3.1. Analysis of Research Paper

3.1.1. Analysis of the Published Articles

Figure 2 illustrates the scientific publications pertaining to permafrost research that have been published between 1990 and 2022. This comprehensive compilation is invaluable in discerning the fundamental and overarching characteristics of this field. In 1970, two related articles were published: Refs. [68,69]. At that time, Landsat satellite data was utilized to map land cover types in the Willandra Lakes World Heritage Region. Since 2007, the application of space technology in WHs has gradually increased, and the number of articles in the remote sensing has reached its peak during this period [70]. From 2007 to 2022, the number of published papers per year has rapidly increased, with 45 relevant articles published in 2022, representing an annual growth rate of 10.22%. Alviz-Meza [71] collected the application of science and technology on sites during the period 2016–2022, and the average annual growth rate of its study is calculated to be 51.93%. It can be seen that space technology contributes to archaeological sites to a high degree, accounting for almost 20% of all technologies. Table 1 presents the details of the data sources, and a total of 1471 keywords were extracted from 401 papers published by 1515 authors from 1990 to 2022. It should be noted that relevant articles, conference papers and reviews are also considered in this study.

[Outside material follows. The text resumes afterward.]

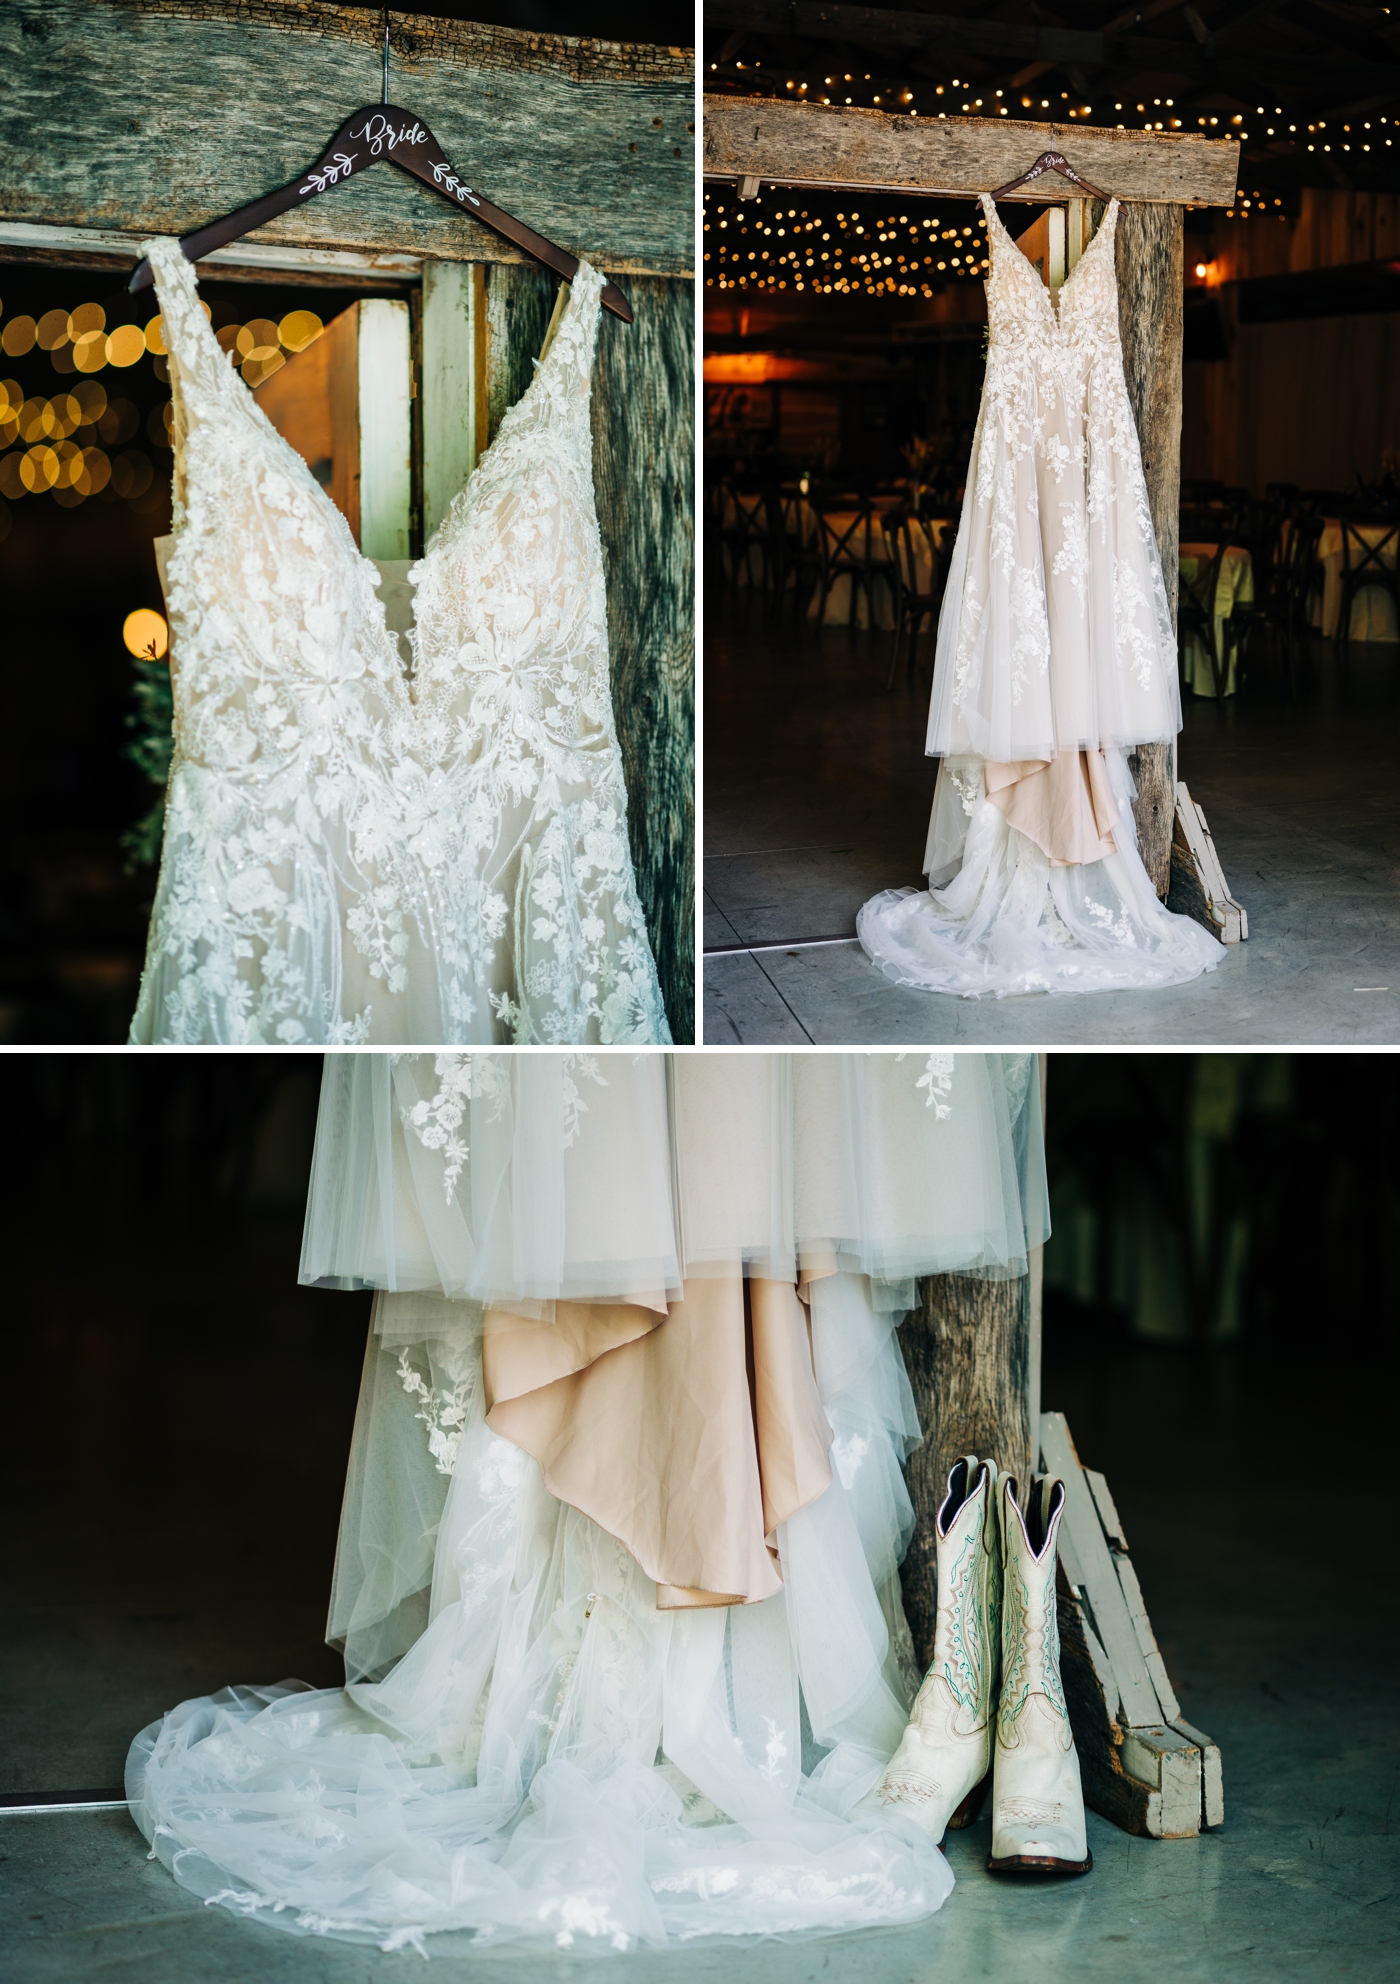 A-line wedding dress with lace details and boots for rustic wedding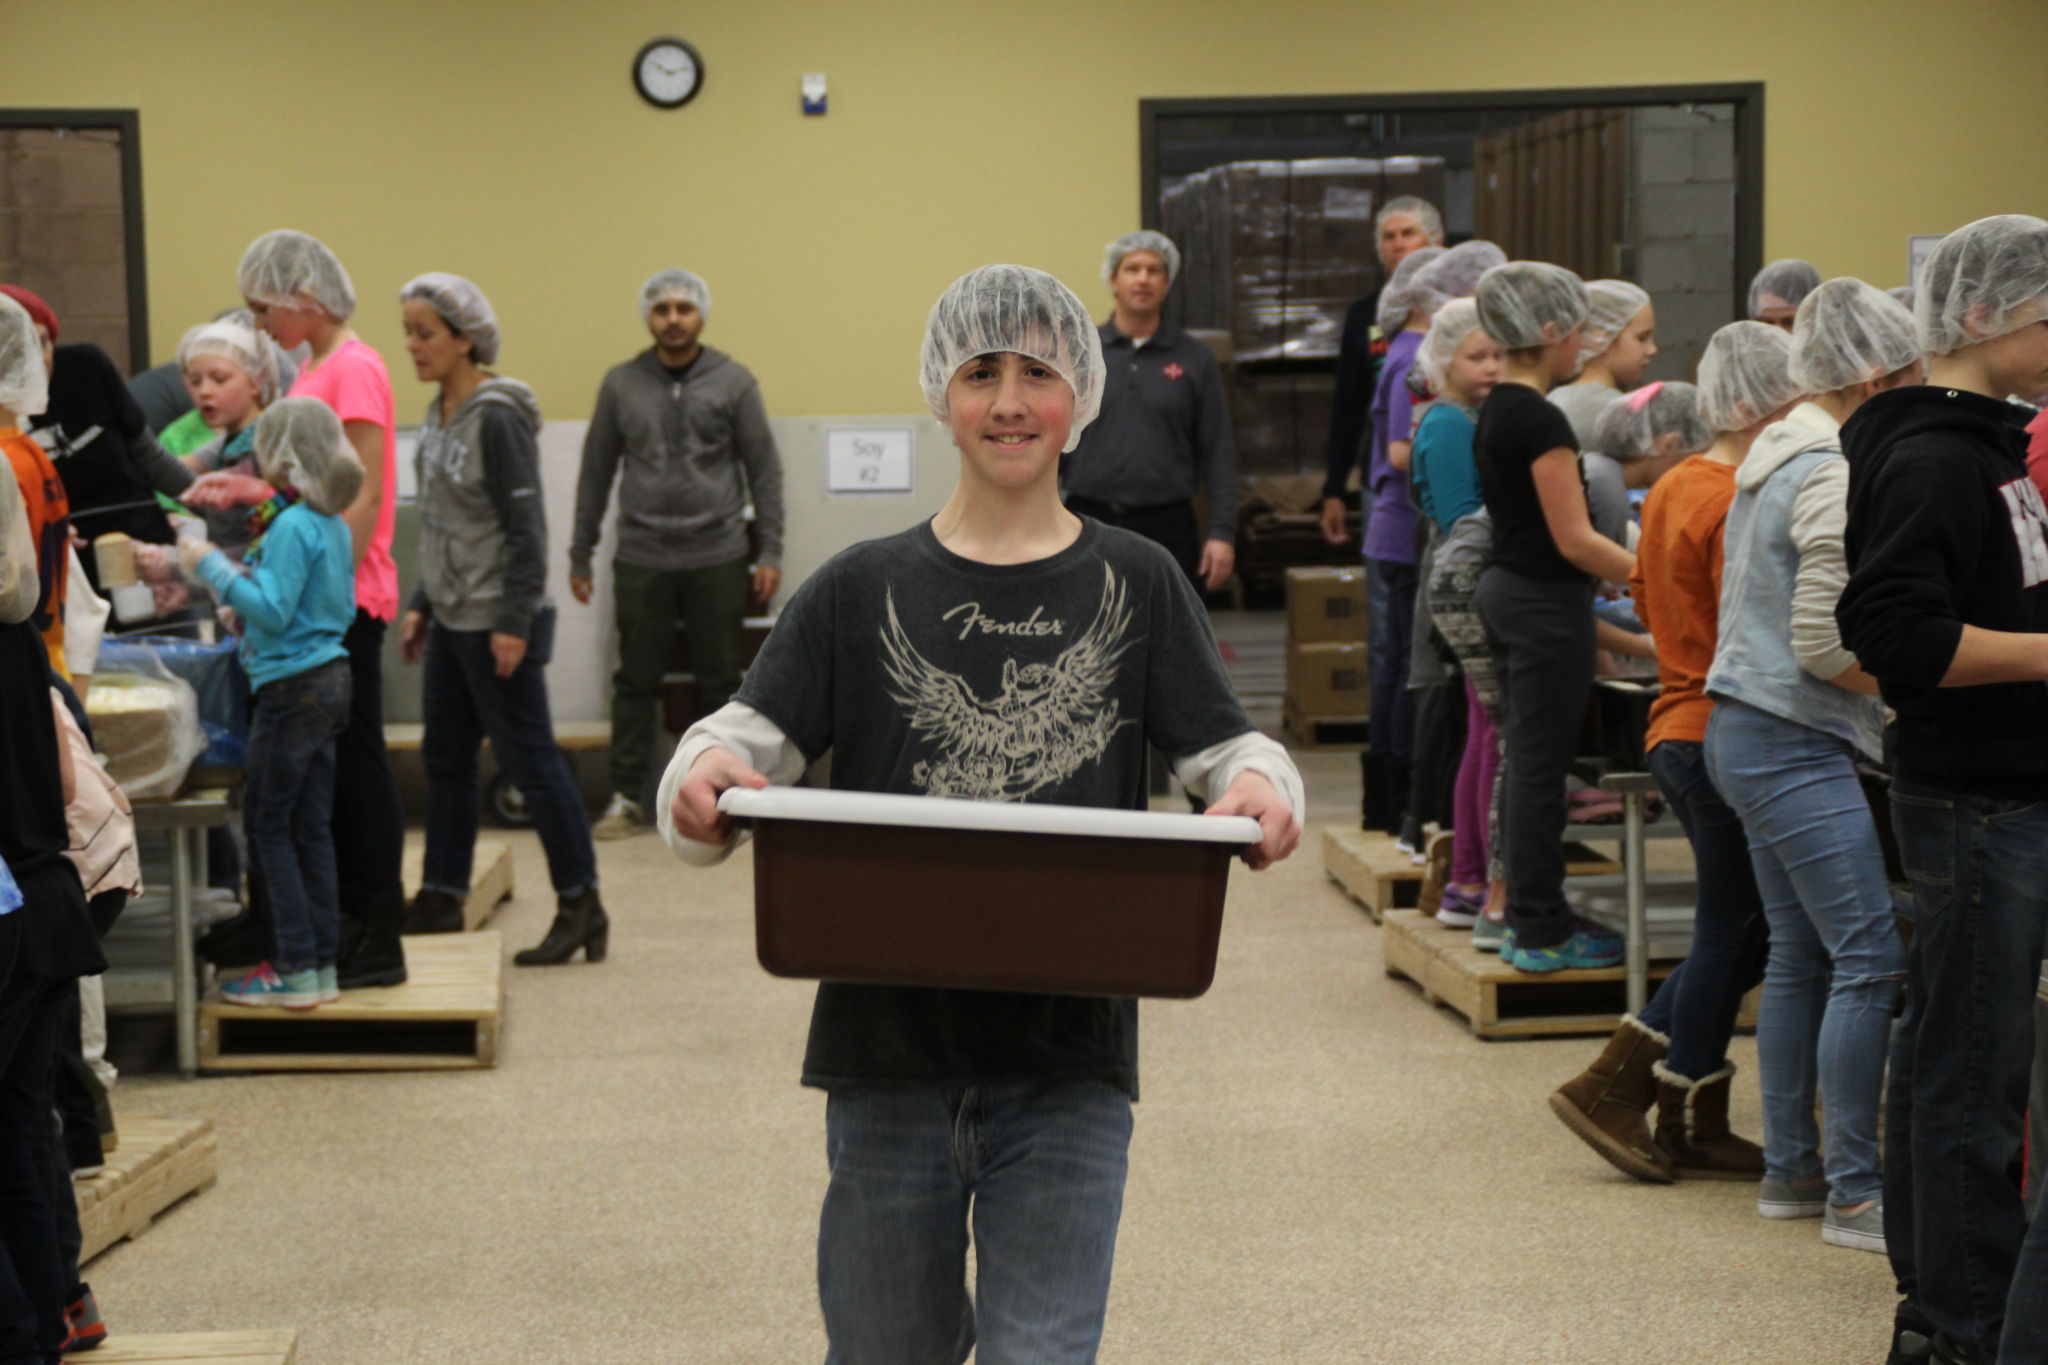 Riverside heads to Feed my Starving Children

3.1.2. Relationship between Publications and Heritage Sites between Countries

Figure 3 extracts the total number of articles from the top 10 countries in terms of the number of articles issued, showing the comparison between the number of world heritage sites and the total number of articles issued at the national level. The red bar indicates the number of world heritage sites, and the other bar indicates the level of article issuance by country. In terms of the number of publications, China > Australia > Italy > UK > India > other countries. In terms of the number of world heritage sites, Italy > China > Germany > Spain > Portugal > other countries. It may be seen that the coverage of heritage sites by space technology is far from adequate, and there is a great imbalance in the application cases of space technology in heritage sites in different regions. Among the top 10 countries in terms of number of publications, 70% of them are well below the ratio of 1:1. This implies that there is still a great potential for space technology in heritage sites, which implies a lack of attention to related research and applications. A more interesting point is that Portugal, a place without heritage sites, still has a certain amount of publications. China, as the country with the largest number of publications, mostly monitors and evaluates the ecological environment and natural risks of the world heritage sites with remote sensing [26,72], focusing on the ecological environment around the Great Wall [73] and the famous world heritage sites, such as the Huangshan Mountain [74]. Australia, on the other hand, has a long-term monitoring of the ecological environment of the great barrier ref. [75]. Italian researchers are mainly centered on monitoring natural disasters in world heritage sites [76], such as landslides and other geological disasters [77].
Figure 4 depicts the chronological order of the top 10 countries in terms of the number of articles issued, with the size of each bubble indicating the corresponding number of publications. According to the order of publication time, Australia was the first country to utilize space technology in WHs, with a steady increase in the number of publications over the years, particularly after 2010. In the United States, the first use of space technology in WHs was in 1996, but there was weak continuity in publications overall. India started publishing in 2001, but no relevant articles were issued from 2000–2015. As the leading publisher, China published its first visible paper on space technology application to WHs in 2010 and has maintained a high number of annual publications since then. Furthermore, a more notable pattern is observed whereby the number of publications has significantly increased since 2015 [77], both overall and at the individual country level.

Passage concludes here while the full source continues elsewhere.